Part 40 (1/2)

”No. I have talked the situation over with my friend. You are going to die, that is very certain, but not by my hand now, and not, Mr.

Midwinter, by the hand of the English law.”

He was very quick. Even then he had an inkling of my meaning, for a perceptible shadow fell over his face and his eyes narrowed to slits.

”You mean?”

”We are going to telephone to the City in the Clouds. People will come from there and take you away--that will be easily managed. You will have some form of trial, and then--execution.”

I never saw a change from red to white so sudden. That big face suddenly became a hideous, sickly white, toneless and opaque like the belly of a sole.

”You won't deliver me to the Chinese?” he gasped. ”You can't know them as I do. They'd take a week killing me! They have horrible secrets--”

His voice died away in a whimper, and if ever I saw a man in deadly terror, it was that man then.

But I hardened my heart. I remembered how Morse and Juanita had suffered for two years at this man's hands. I remembered four murders, to my own knowledge, and I shrugged my shoulders.

”I can't help that. You have made your bed, and you must lie upon it.”

”But such a bed!” he murmured, and his head fell forward on his chest.

His arms were bound at the elbow, but he could move the lower portion, and he now brought his right hand to his face.

”I'll telephone,” said Bill, and went to the wall by the door where hung the instrument.

I sat gloomily watching the man in the chair.

What was he doing? His jaw was moving up and down. He seemed biting at his wrist.

Suddenly there was a slight, tearing, ripping noise, followed by a jerk backwards of his head and a deep intake of the breath.

”What is he doing?” Rolston said, turning round with the receiver of the telephone at his ear.

Midwinter held out his arm. I saw that the braid round the cuff of his morning coat was hanging in a little strip.

”I told you I always had something in reserve,” he said, showing all his teeth as he grinned at me. ”Always something up my sleeve--literally, in this case. I have just swallowed a little capsule of prussic acid which--”

If you want to learn of how a man dies who has swallowed hydrocyanic acid--the correct term, I believe--consult a medical dictionary. It is not a pleasant thing to see in actual operation, but, thank heavens, it is speedy!

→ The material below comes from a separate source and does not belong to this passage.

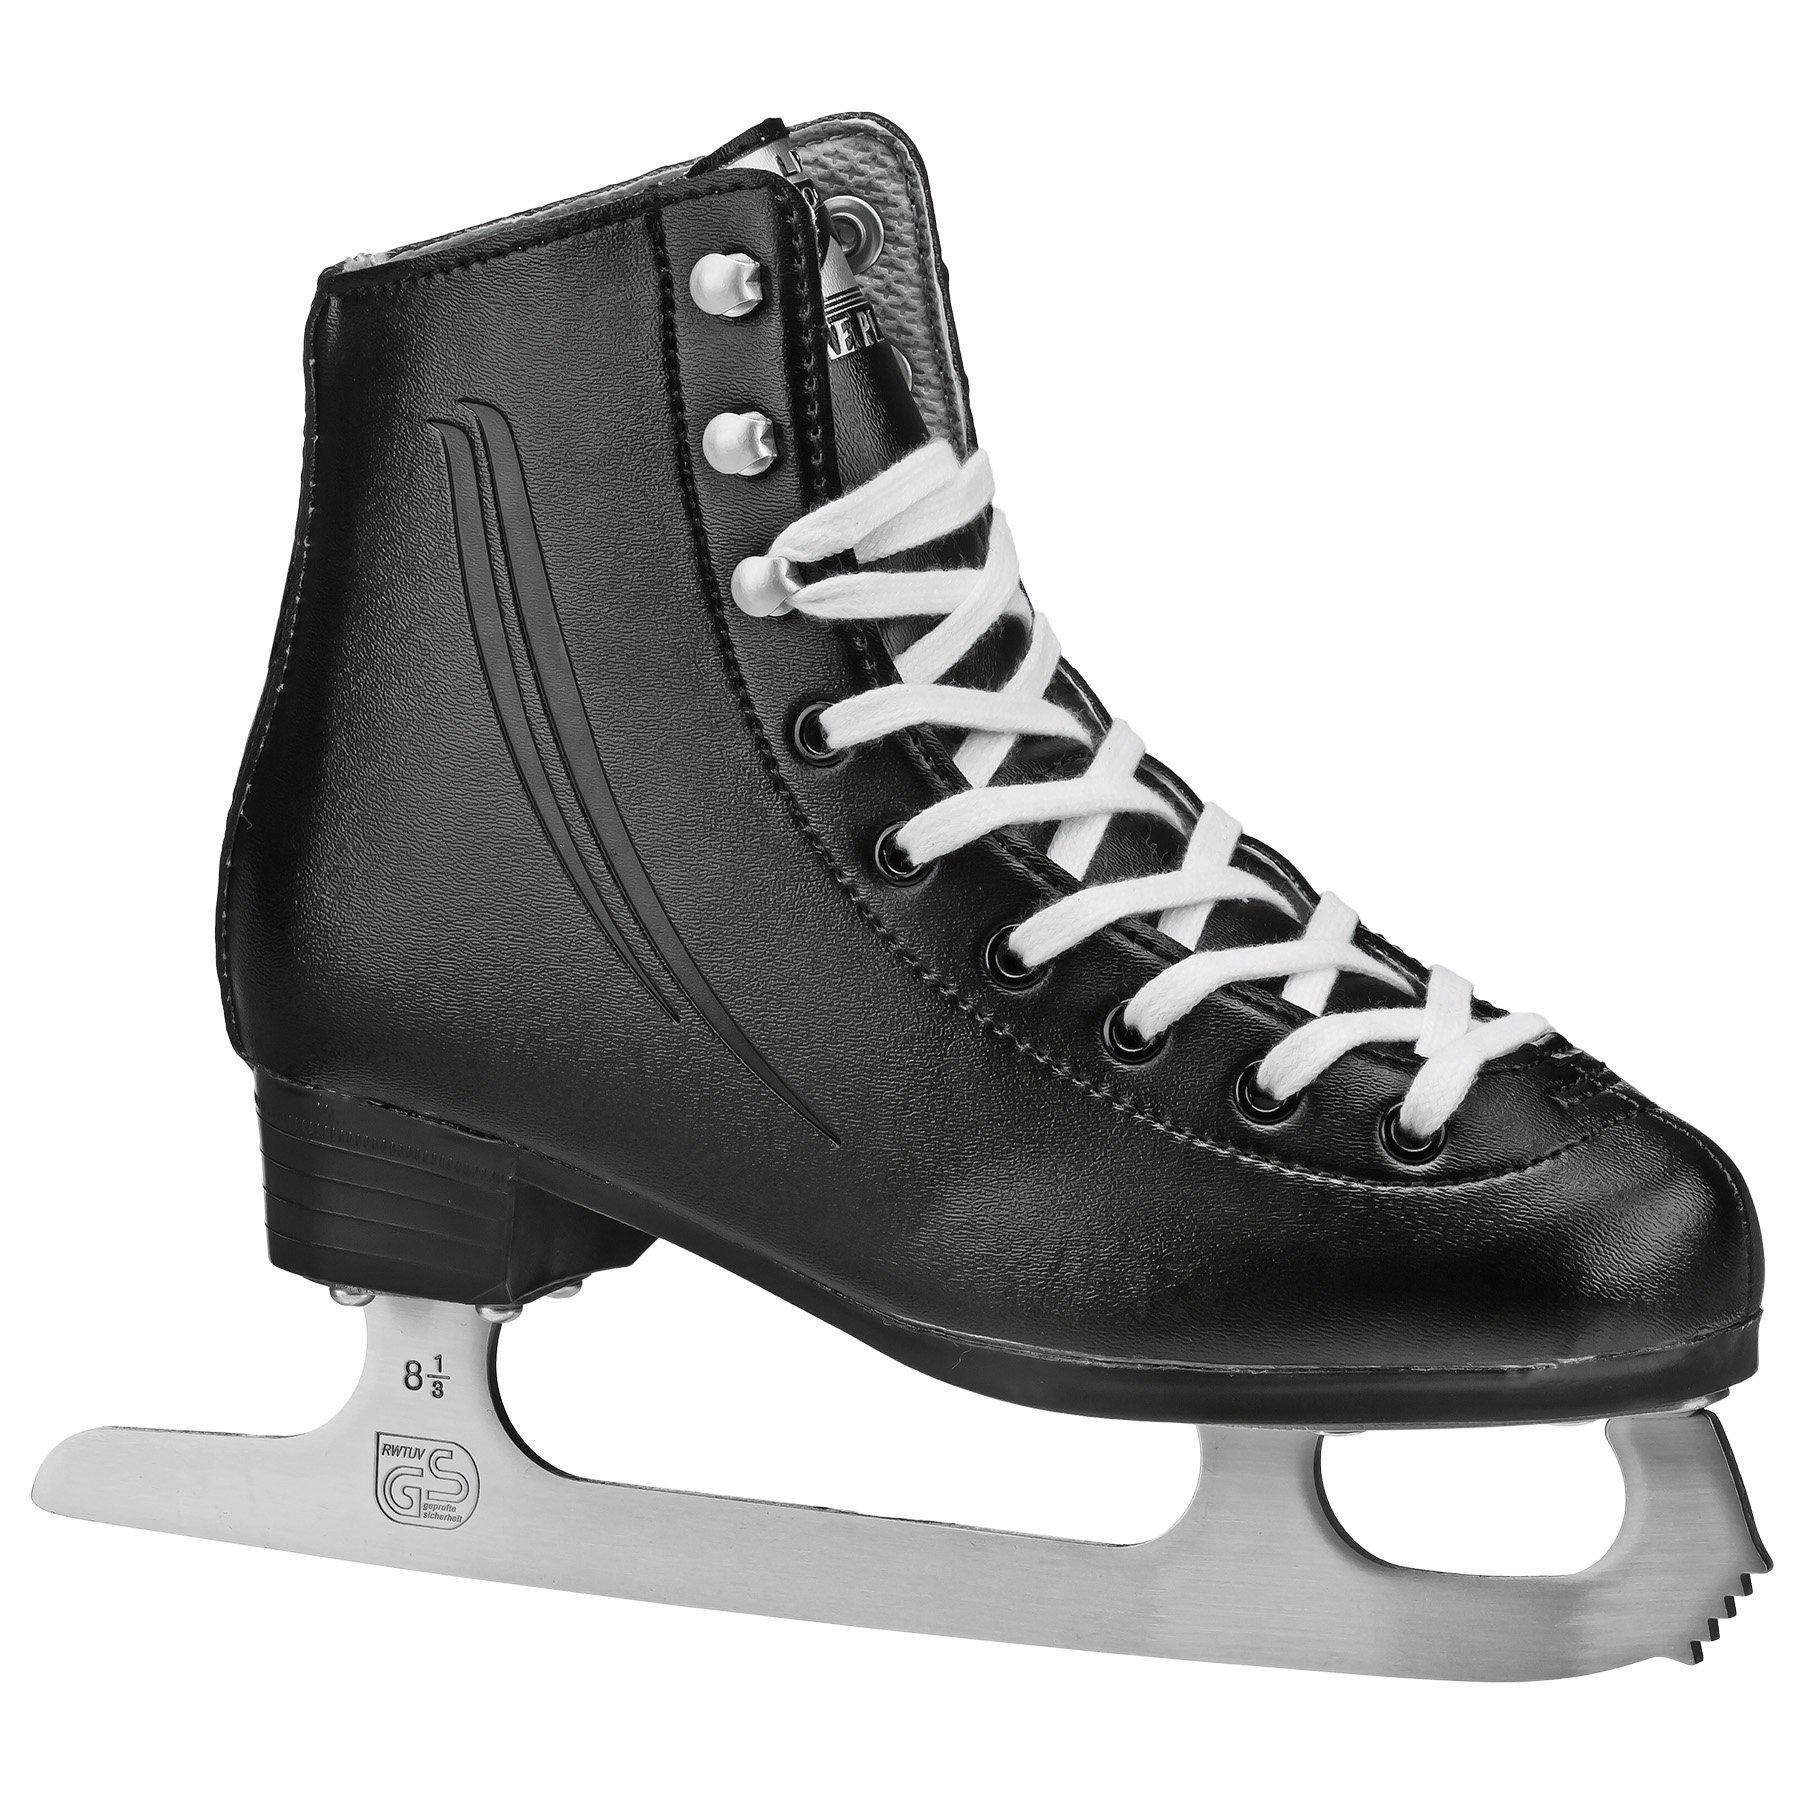 Lake Placid Cascade Boys Figure Ice Skate, Black, Size Youth 13 by Lake Placid
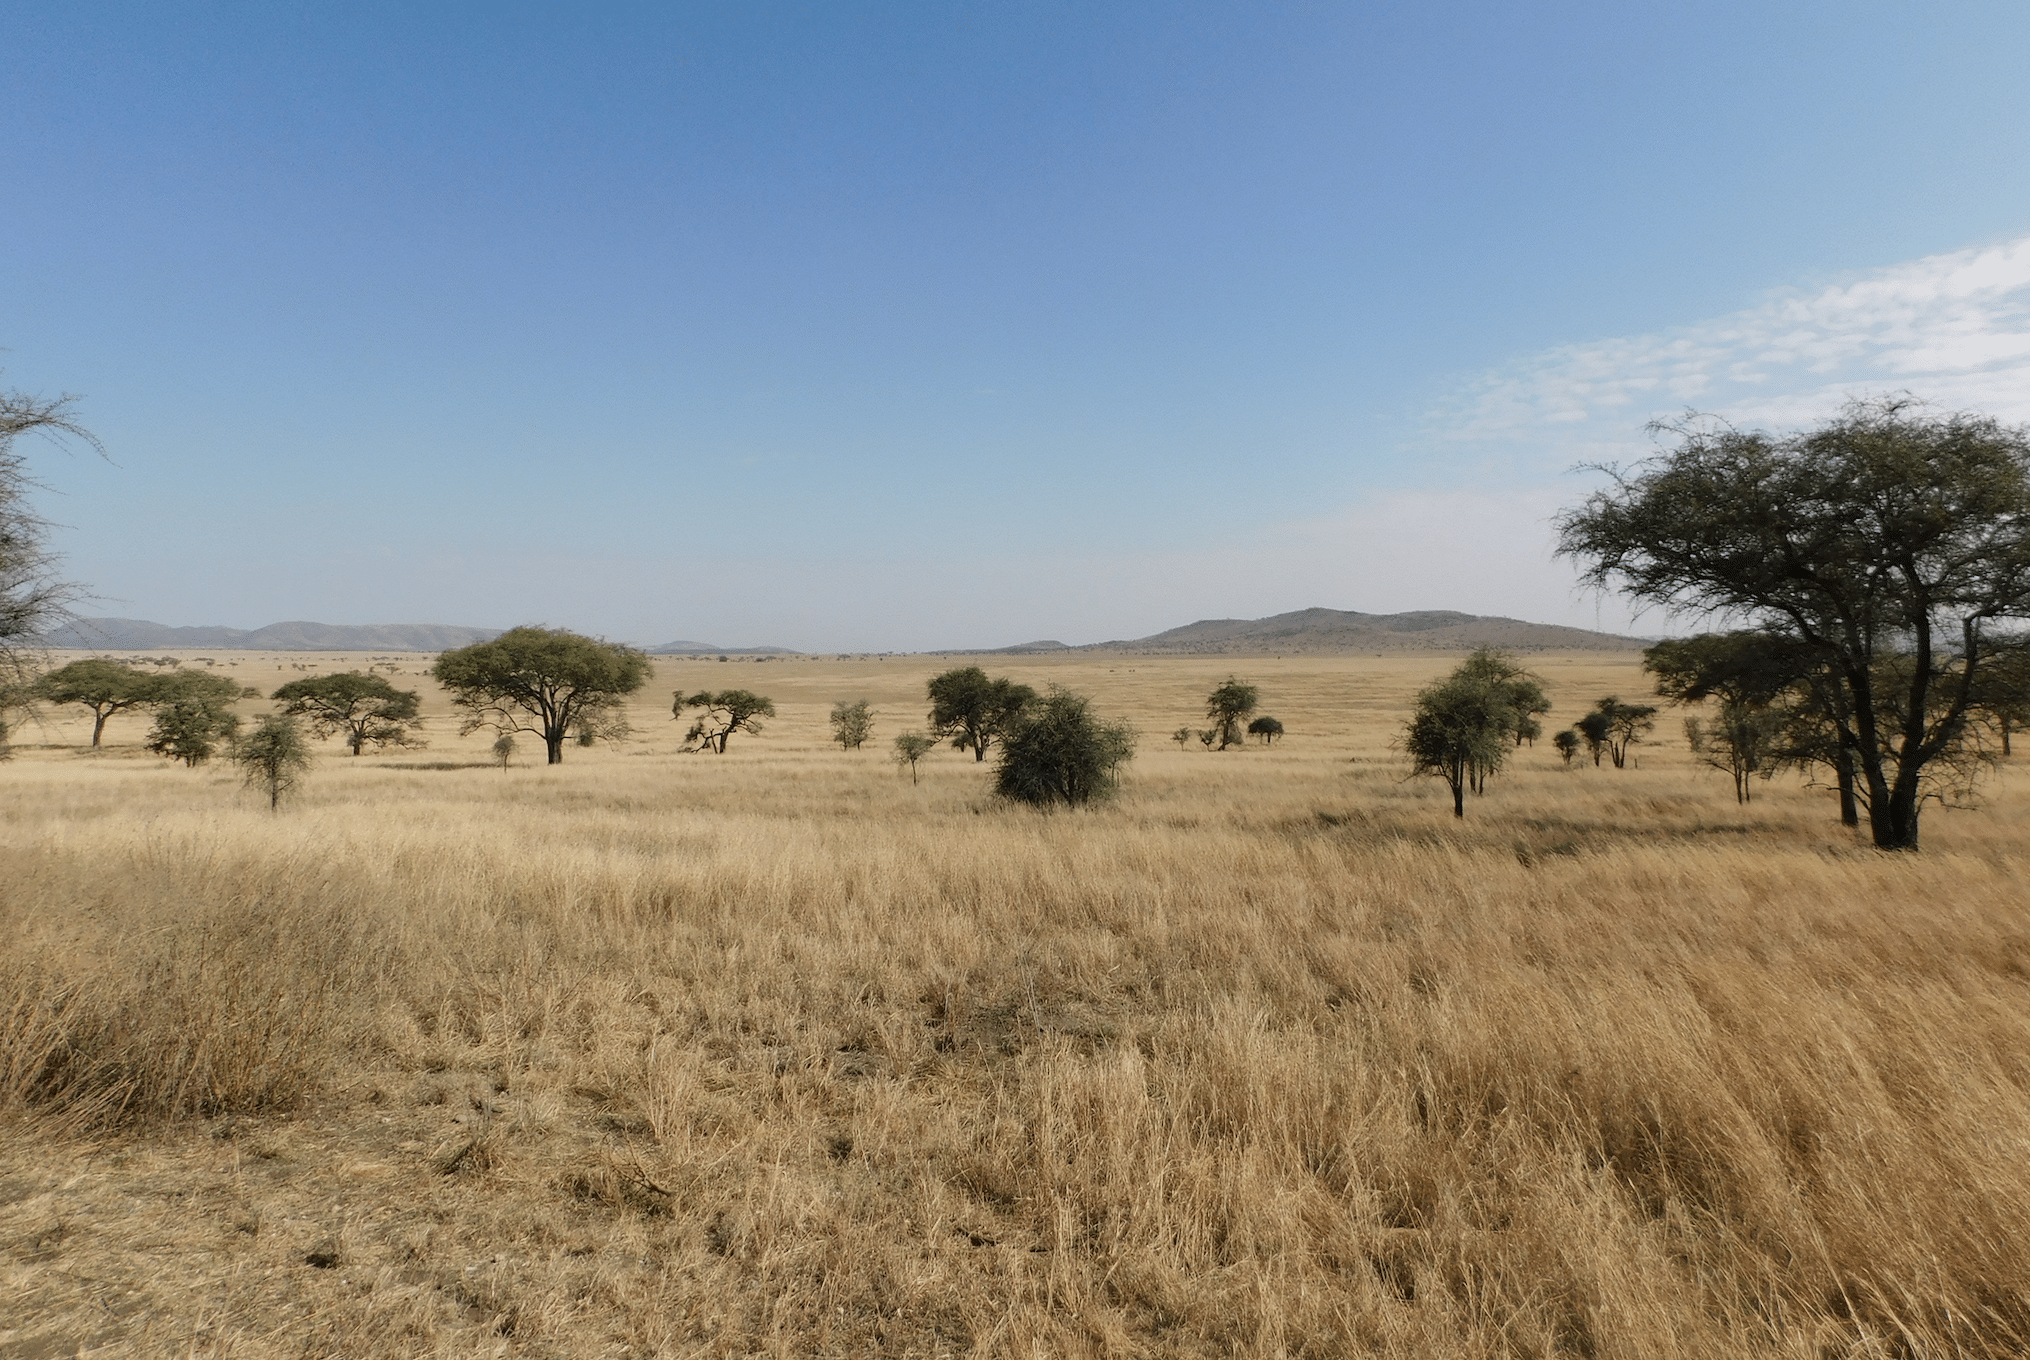 safari en tanzanie : paysages du parc du serengeti

The sweat was pouring down my face when it was over, but Bill Rolston had not turned a hair.

”Put something over his face, Sir Thomas,” he said, ”and I'll get through to Mr. Morse.”

ENVOI

I take up my pen this evening, exactly ten years after I wrote the last paragraph of the above narrative, to read of James Antony Midwinter, dead like a poisoned rat in his chair, with a sort of amazement in my mind.

The whole story has been locked in a safe for ten long years, and that blessed and happy time has made the wild adventures, the terrible moments in the City in the Clouds, indeed seem things far off and long ago.